(Beginning of Source material)
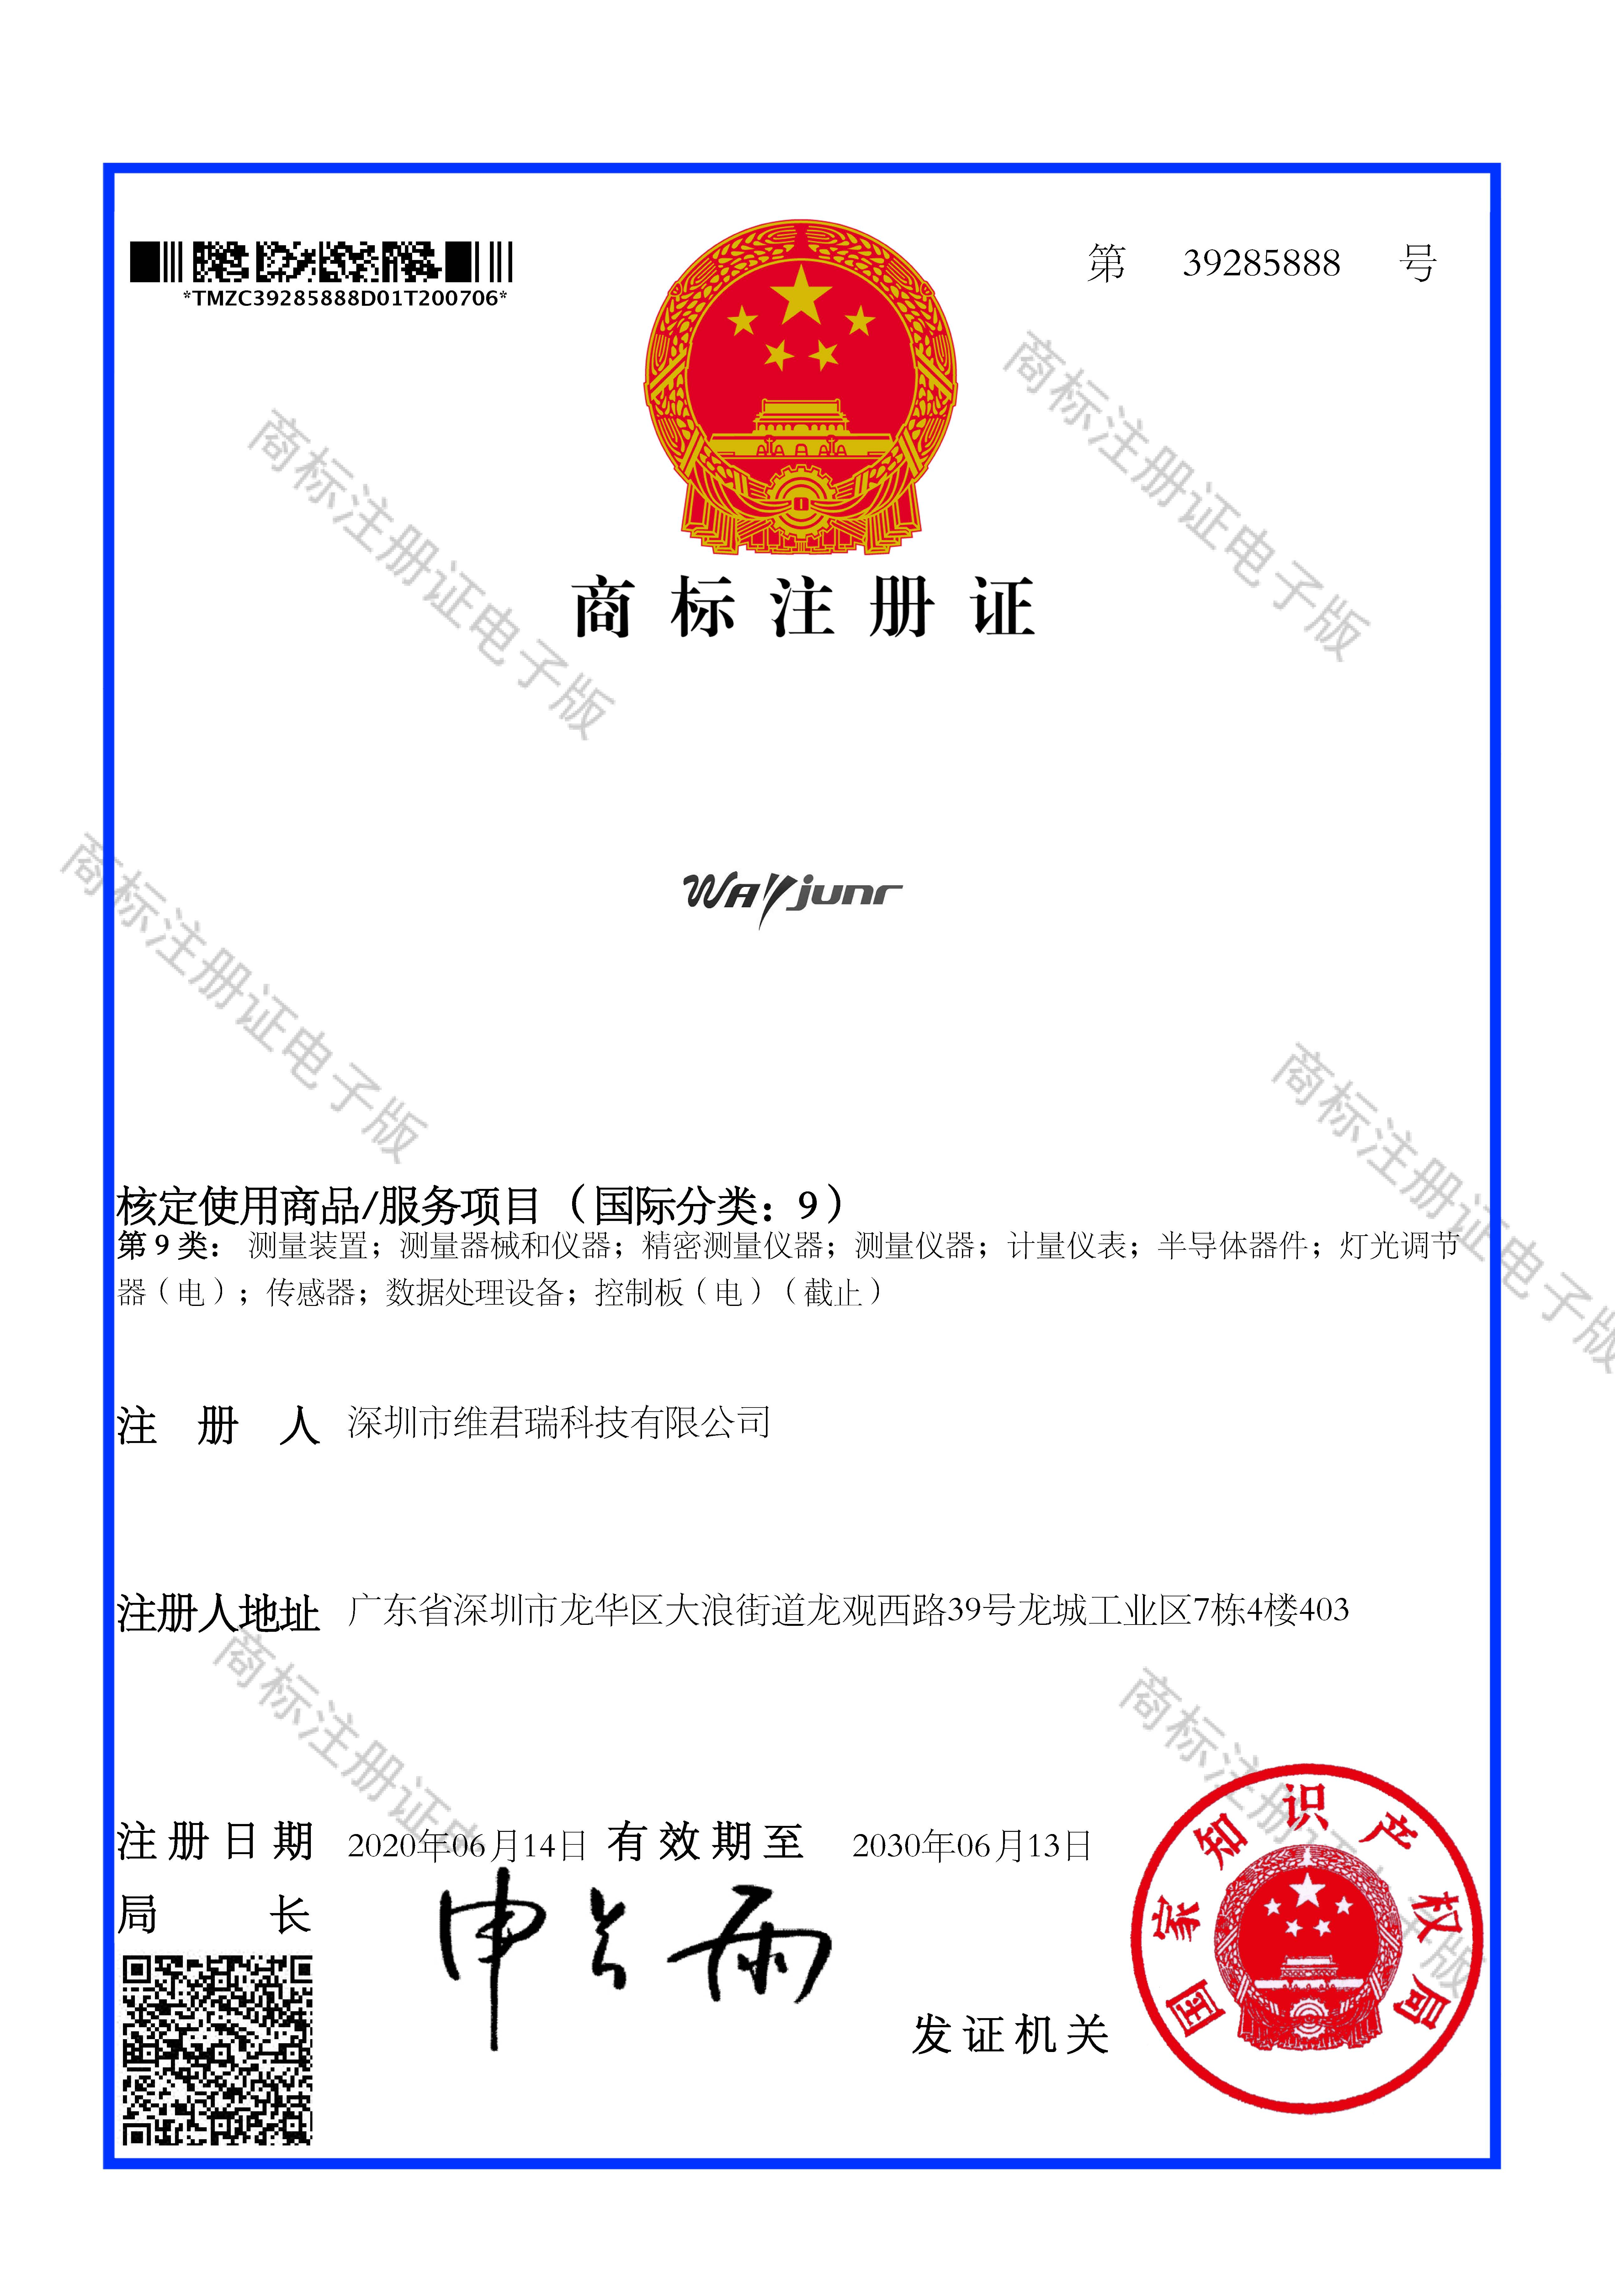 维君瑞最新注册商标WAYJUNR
(End of Source material)
(Beginning of Source material)
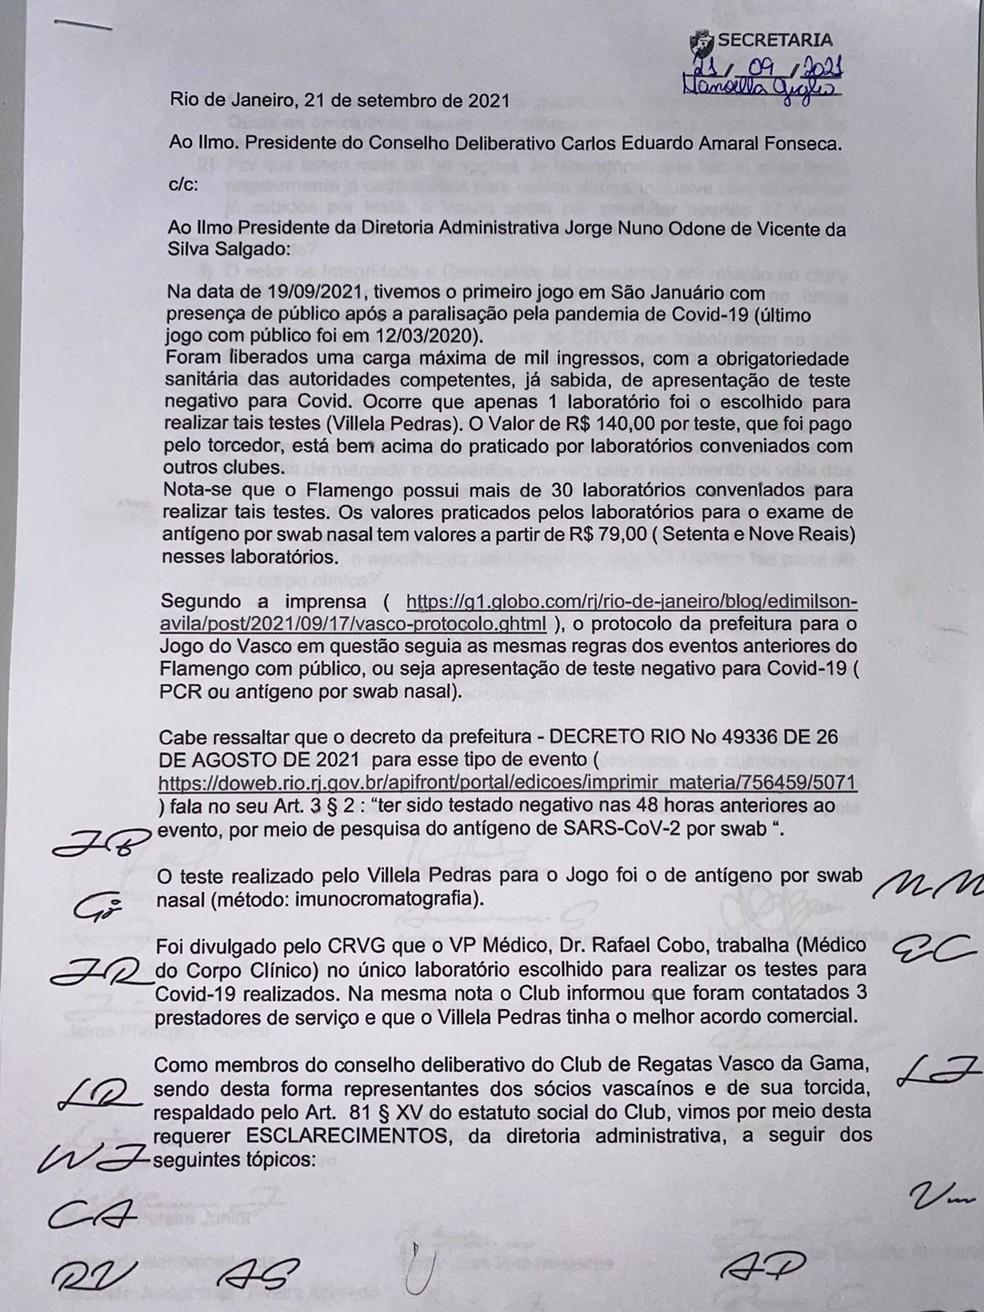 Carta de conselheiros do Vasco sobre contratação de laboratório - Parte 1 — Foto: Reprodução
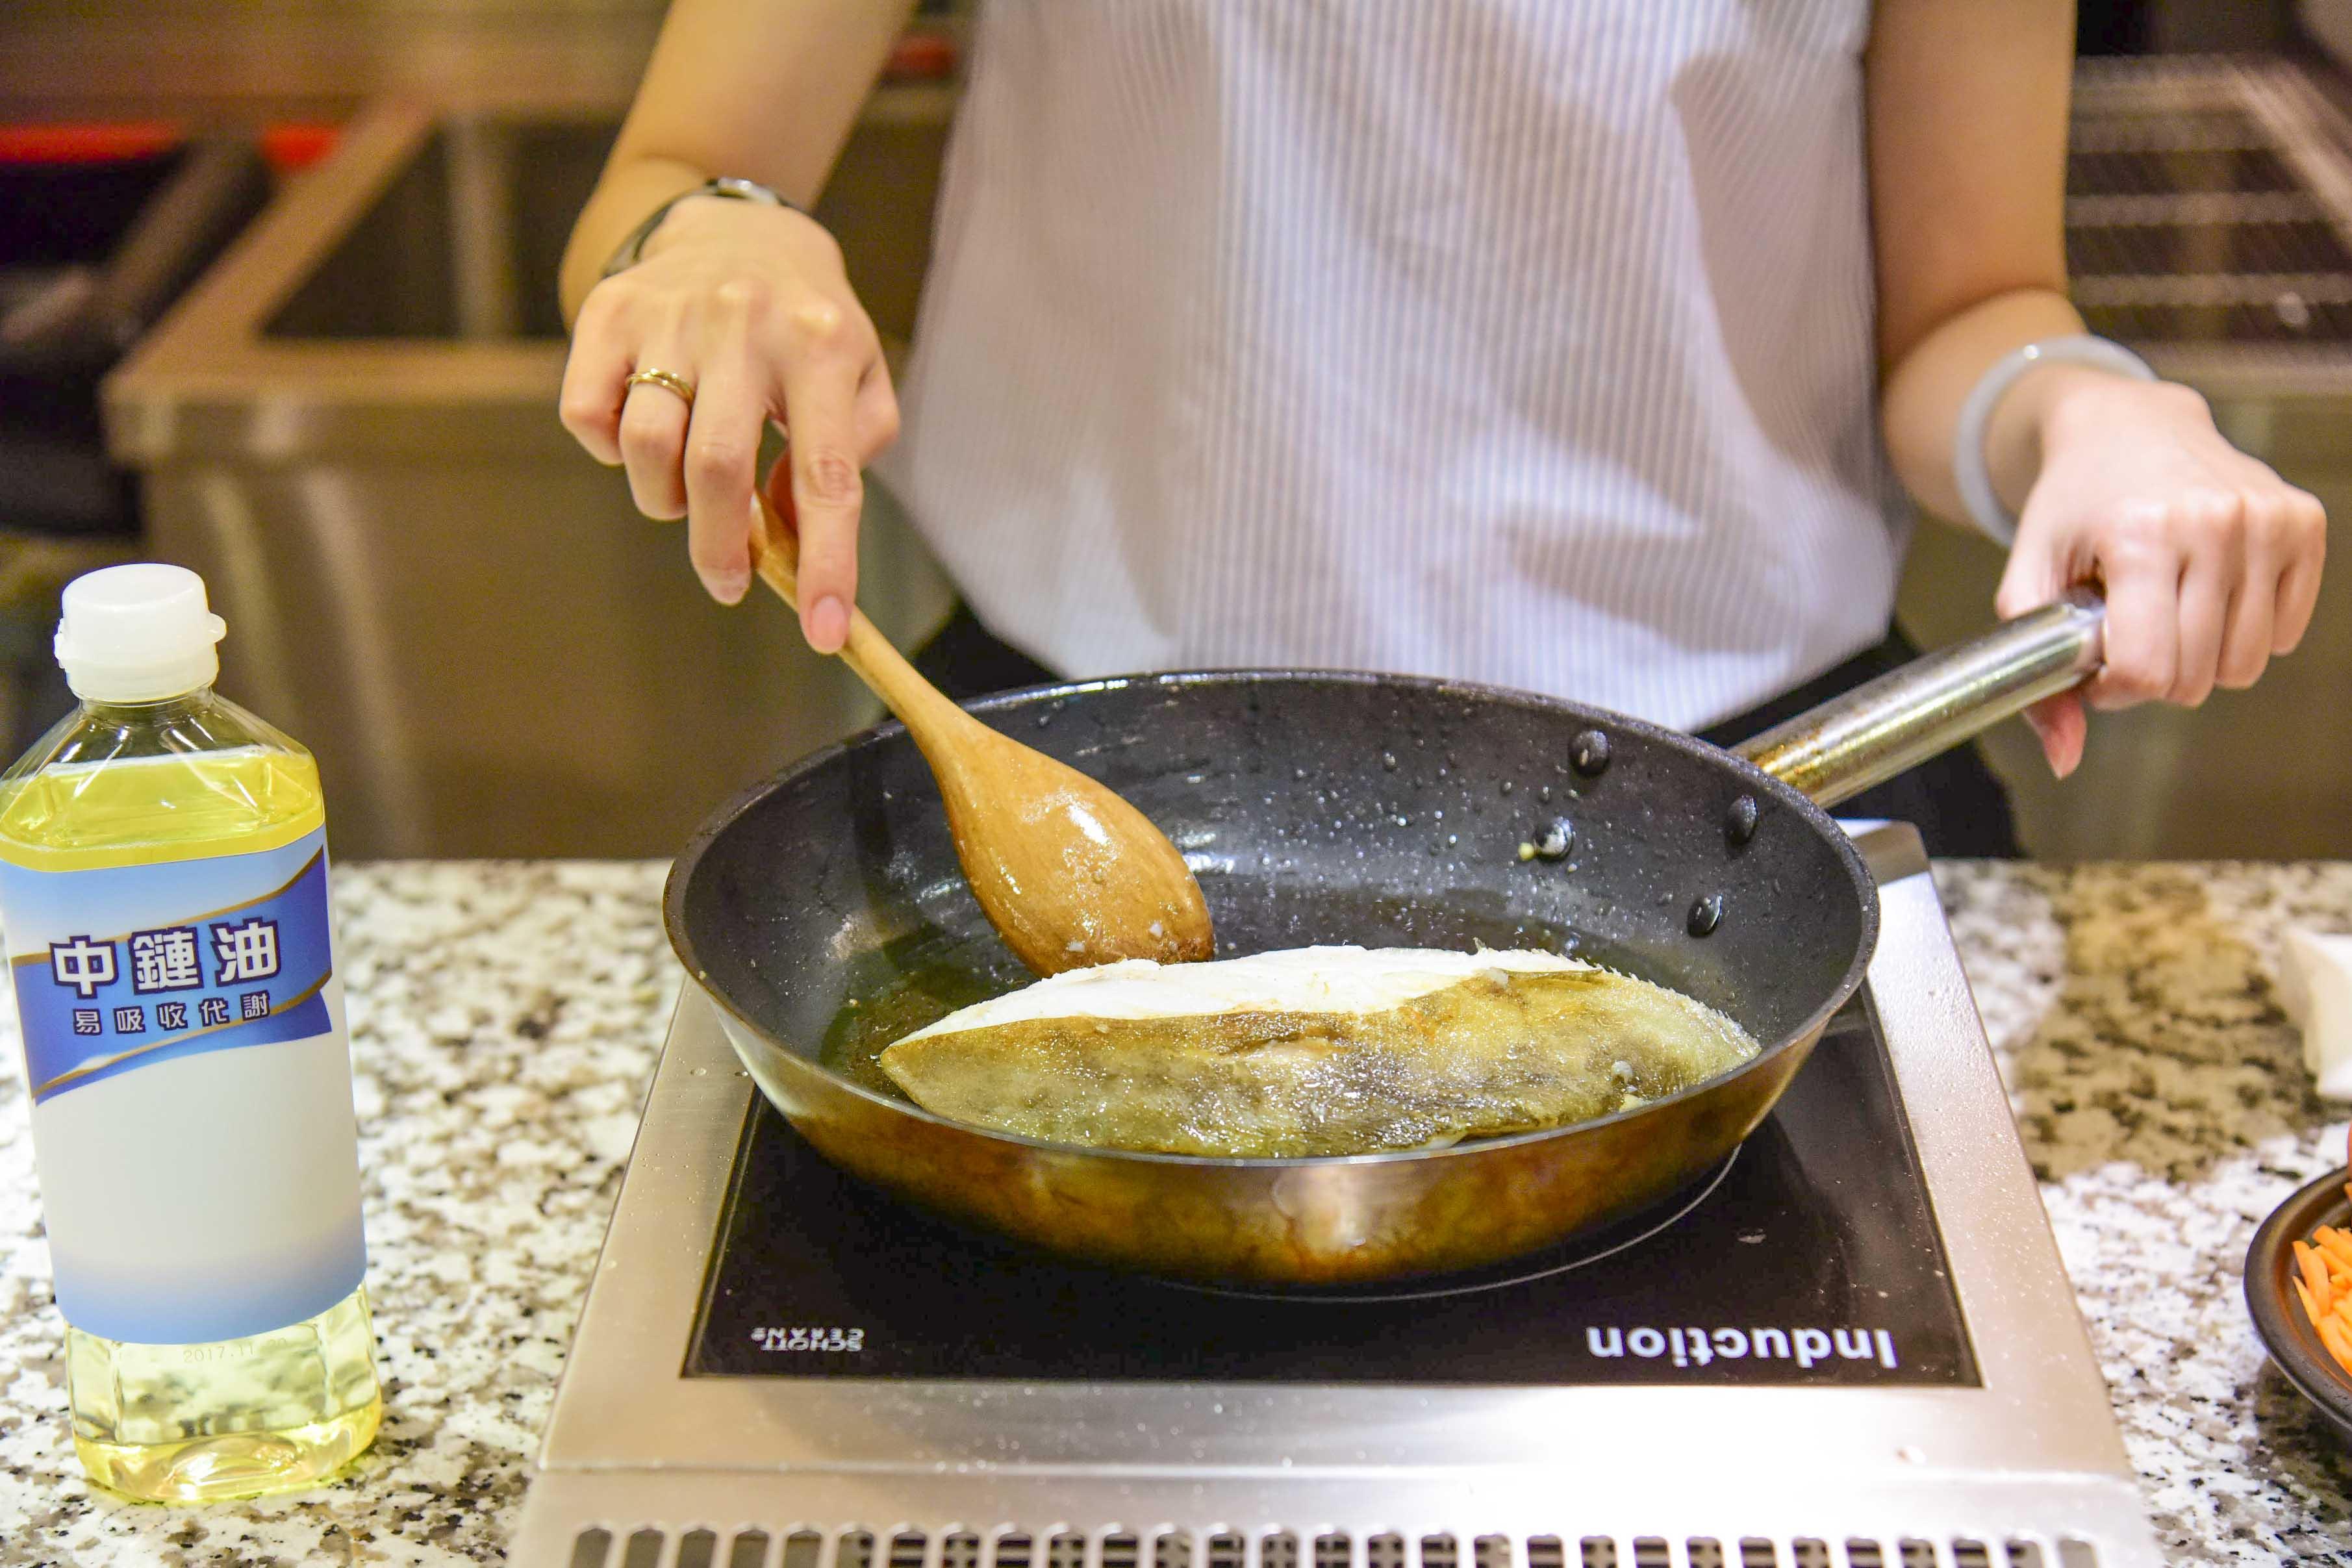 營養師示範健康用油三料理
(End of Source material)
**Problem to work on**. Transcribe, word for word, the stretch of lines in the data above from the one with "Carta de conselheiros" through the one with "營養師示範健康用油三料理"; omit all pictures.

**Your solution**.
 Carta de conselheiros do Vasco sobre contratação de laboratório - Parte 1 — Foto: Reprodução
 營養師示範健康用油三料理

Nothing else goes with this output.